Grace’s Table by Sally Piper
As they cook, Grace reflects on her life: growing up on a farm, escaping to the city, her career as a nurse, the work of mothering, her regrettable marriage and her husband’s early death. As on this occasion, food has signified more than basic sustenance, and what was a chore for Grace was her own mother’s language of love. Strongly-held views about how to cook and what to eat stream from kitchen to table, where differences between friends are easier to tolerate than the divisions between parents and children. Meat has been a constant for Grace, from her own father’s growing it, her husband’s butchering – and control of what came to the table – to her children’s scorn for her teenage granddaughter’s vegetarianism.
Amid the memories and the mockery, Sally Piper subtly signposts an absence, but we don’t discover its significance until much later. Our sympathies are primarily with Grace: surely her children are sufficiently grown-up to accept that her mother has a lover? It’s not the wine, but a well-meant toast, that unbuttons Susan’s lips to share her experience of the unspeakable family tragedy. Grace had done her best, but had never realised her best wasn’t good enough.
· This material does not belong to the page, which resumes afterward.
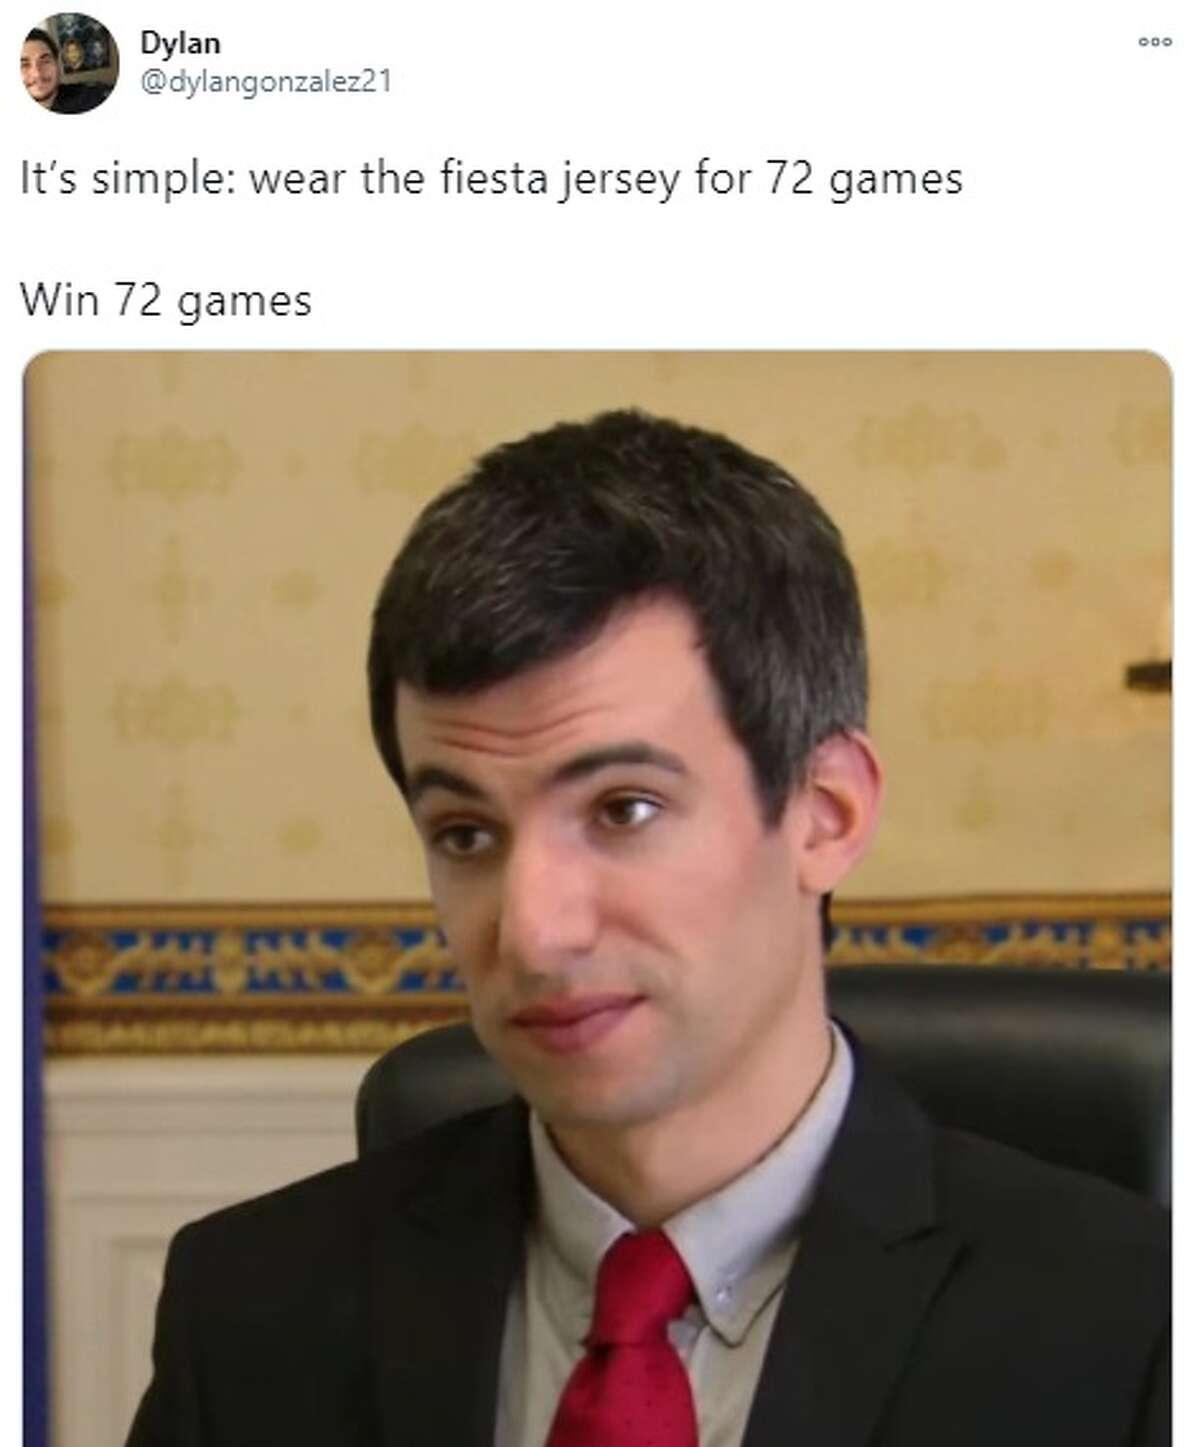 @dylangonzalez: It's simple: wear the fiesta jersey for 72 games Win 72 games

I so admire Sally Piper’s handling of this painful theme: resisting the urge to crank up the tension with stronger foreshadowing and/or to provide an it’s-all-right-then ending (although she does give Grace a speck of redemption). My interest dipped slightly when the guests arrived – although Sally Piper manages a large cast better than many – but otherwise Grace’s Table is a gem: developing from pleasurable but undemanding read to an insightful exploration of family dynamics and how past hurts influence our present-day interactions, as our previous selves live on inside us like matryoshka dolls.
Grace’s Table is Brisbane-based author Sally Piper’s debut novel, published in Australia in 2014 and is now available in the UK thanks to Legend Press, who provided my review copy. From the blurb, I might have passed on this one if I hadn’t enjoyed The Geography of Friendship earlier this year, which would have been a shame as I’m awarding it a rare five stars.
Death Is Hard Work by Khaled Khalifa translated
by Leri Price
But a besieged city is no place for the old. A starvation diet takes its toll and his friends summon his youngest son from Damascus to take him in. Bolbol, who’s kept his head down to avoid contention is challenged both personally and politically by the old revolutionary’s pronounced opposition to the repressive regime. Yet when the old man asks, on his deathbed, to be buried beside his sister – a girl who chose death over forced marriage to a man she couldn’t love – Bolbol readily agrees.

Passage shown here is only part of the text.